Cryptocurrency

Animoca Brands’ Lympo NFT platform hacked for $18.7 million

Sports NFT minting platform and Animoca Brands subsidiary Lympo suffered from a hot wallet security breach and lost 165.2 million LMT tokens worth $18.7 million at the time of the hack.

A short Medium update from the Lympo team stated that on Jan. 10 hackers managed to gain access to Lympo’s operational hot wallet and “stole a total of approximately 165.2 million LMT from it.”

According to the post, ten different project wallets were compromised in the attack. It appears that most of the stolen tokens were sent to a single address, swapped for Ether (ETH) on Uniswap and Sushiswap, then sent elsewhere.

LMT price tumbled 92% to $0.0093 after hackers transferred then sold the loot from the project’s hot wallets.

A subsequent Jan. 11 tweet from the team stated that they were “working on stabilizing the situation and resuming all operations back to normal.” The team also stated that it had removed liquidity LMT from liquidity pools to “minimize disruption to token prices.”

Removing liquidity from pools that trade LMT means that traders will not be able to buy or sell any significant amount of the tokens without experiencing a dramatic loss of value on their trade.

Early on Jan. 11, the team urged traders to refrain from buying or selling any LMT tokens while they completed their investigation and determined the next best course of action.
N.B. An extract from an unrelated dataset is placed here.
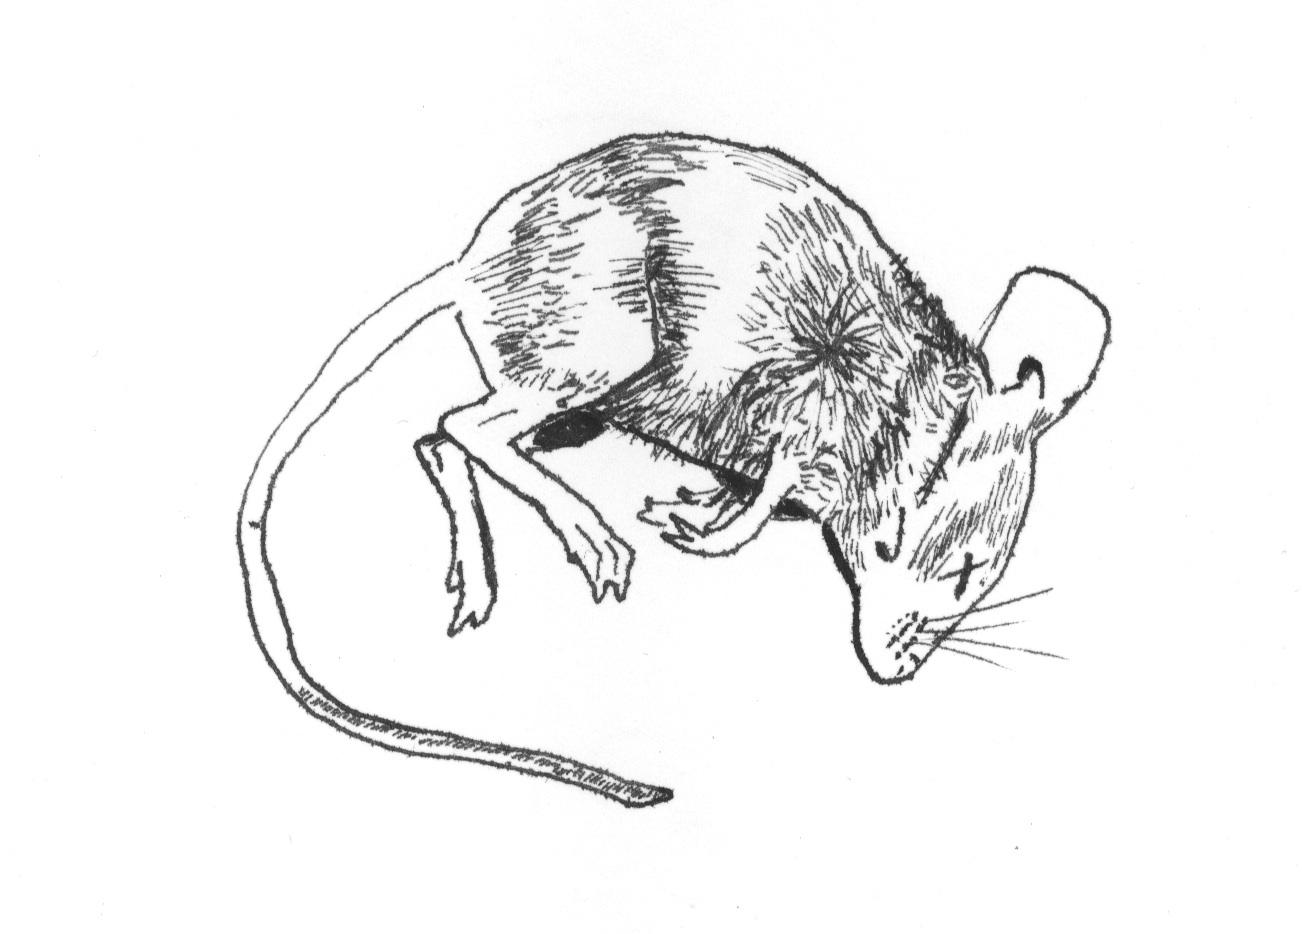 Drawn rodent illustration Pen Schenker · and Work

As a subsidiary property of Animoca Brands, Lympo may benefit from intervention from the Animoca team. Animoca CEO Yat Siu told Cointelegraph, “We are working with Lympo to assist them on a recovery plan, but we don’t have any specific mechanisms.”

The second hot wallet hack this week

Centralized crypto exchange LCX also suffered from a security breach on one of its hot wallets, leading to the loss of nearly $7 million on Jan. 8. In this case, the hacker made off with stacks of eight different crypto assets.
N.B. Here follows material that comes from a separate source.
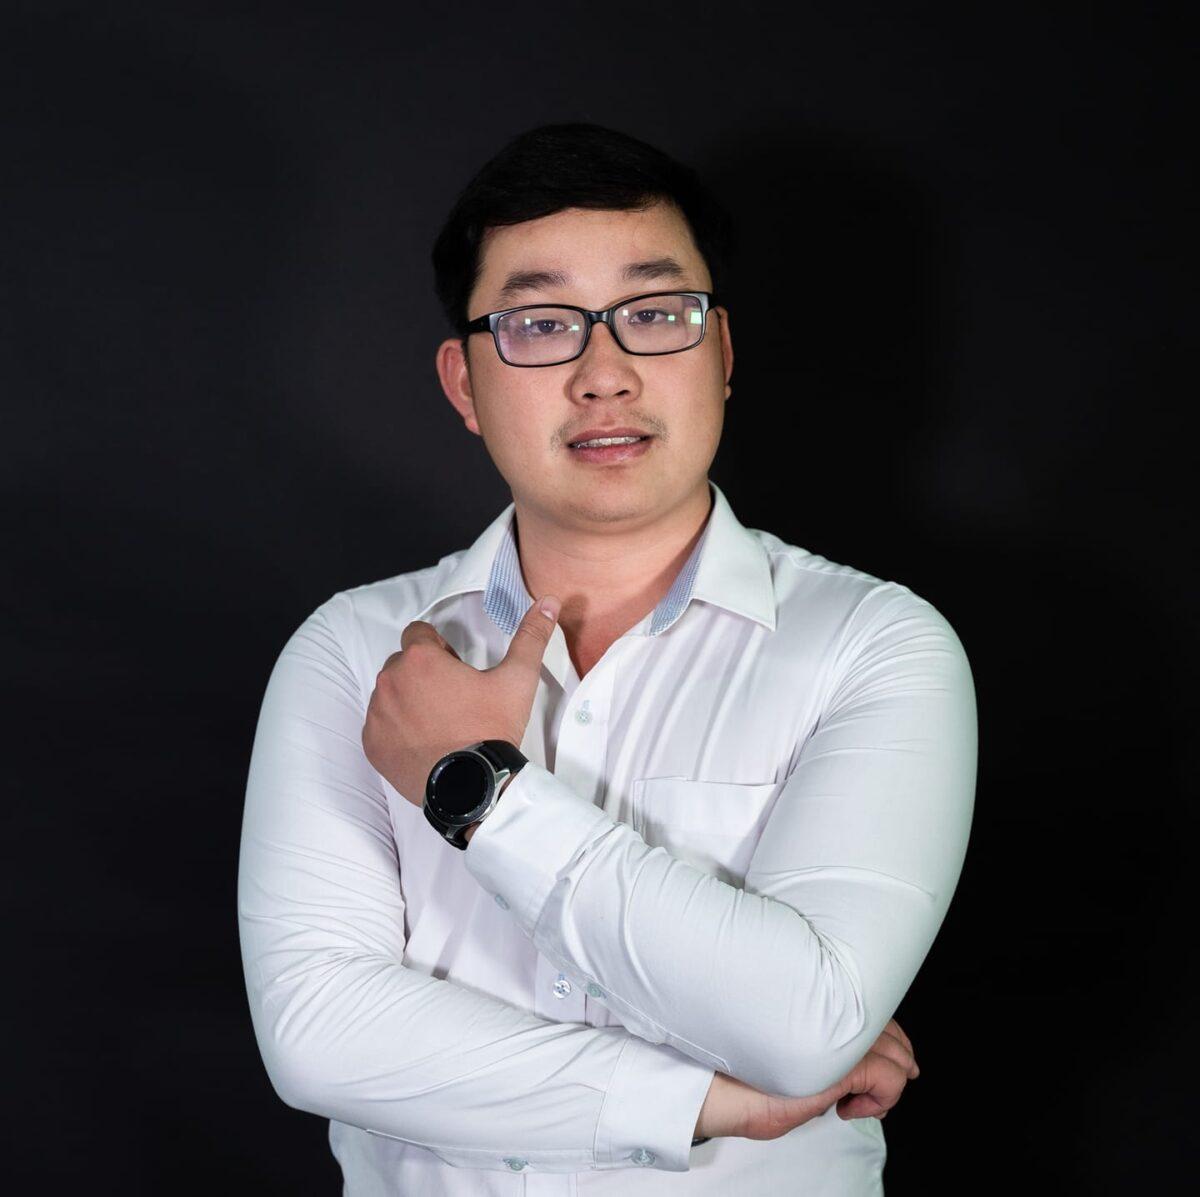 Nguyen Van Thanh Binh

LCX lost varying amounts of MKR, ENJ, LINK, QNT, SAND, ETH, LCX, and USDC. The majority of the funds were converted to ETH then sent to Tornado Cash, a privacy tool designed to hide the source and destination of ETH.
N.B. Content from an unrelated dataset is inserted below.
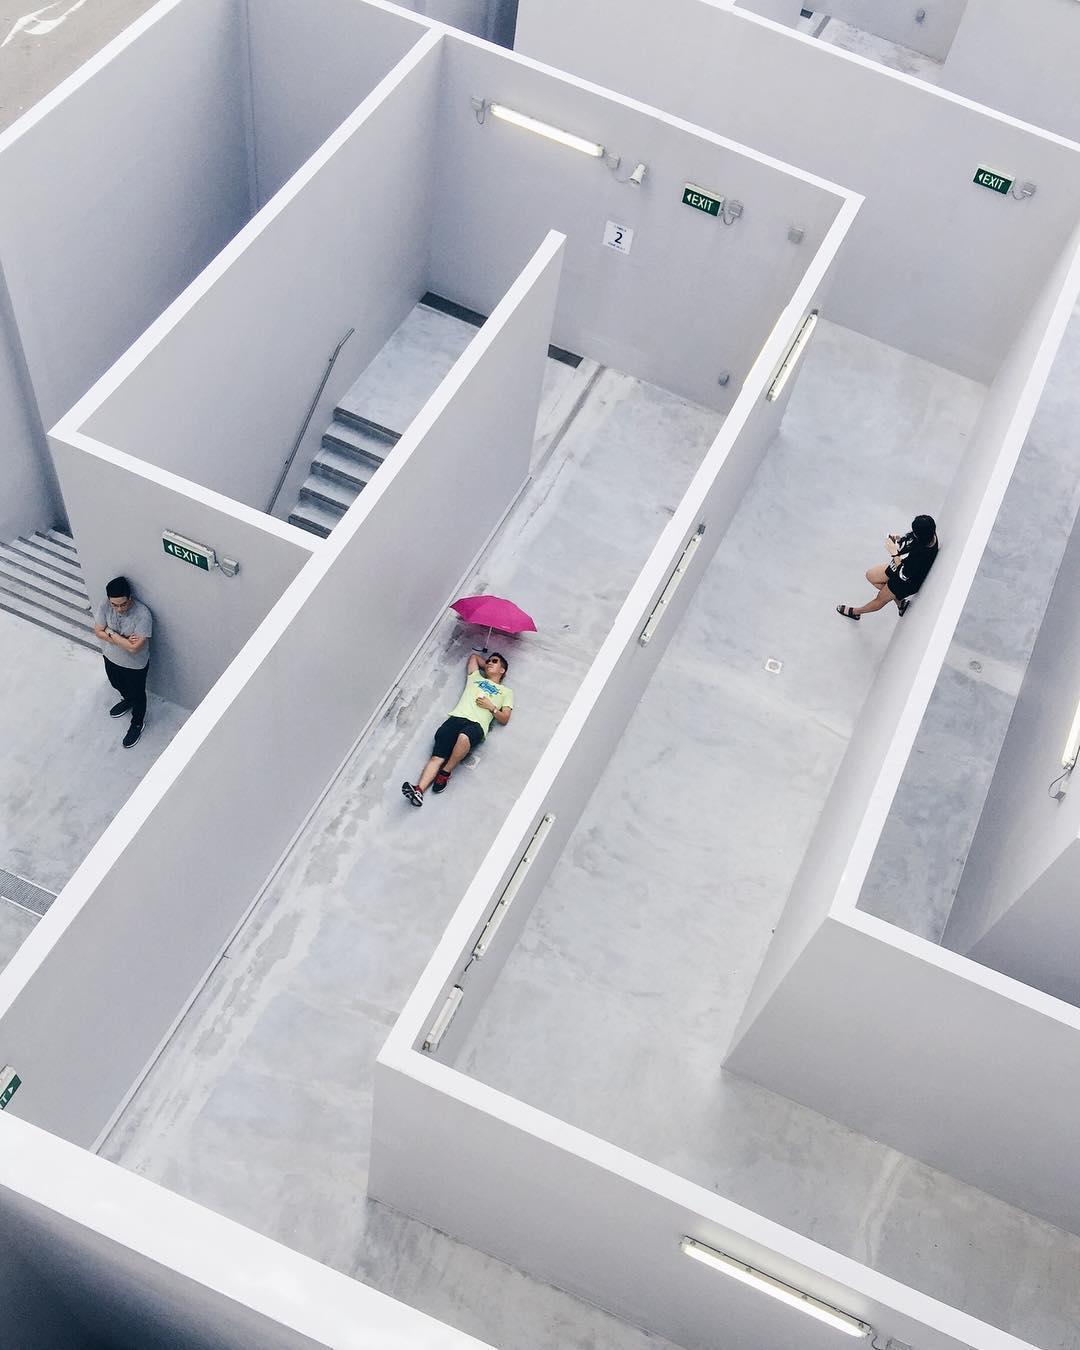 """Isn't life just a-maze-ing?"" #WHPgetlost https://t.co/3P3ELQ5iuu https://t.co/MiVTMXVZH8"

Related: ImmuneFi report $10B in DeFi hacks and losses across 2021

The LCX team released an update on Jan. 10 assuring users that they would be compensated for the losses incurred and that no personal data was compromised during the attack. The team wrote:

“LCX will use our own funds to cover the incident and compensate affected users. There will be no impact on user balances at LCX.”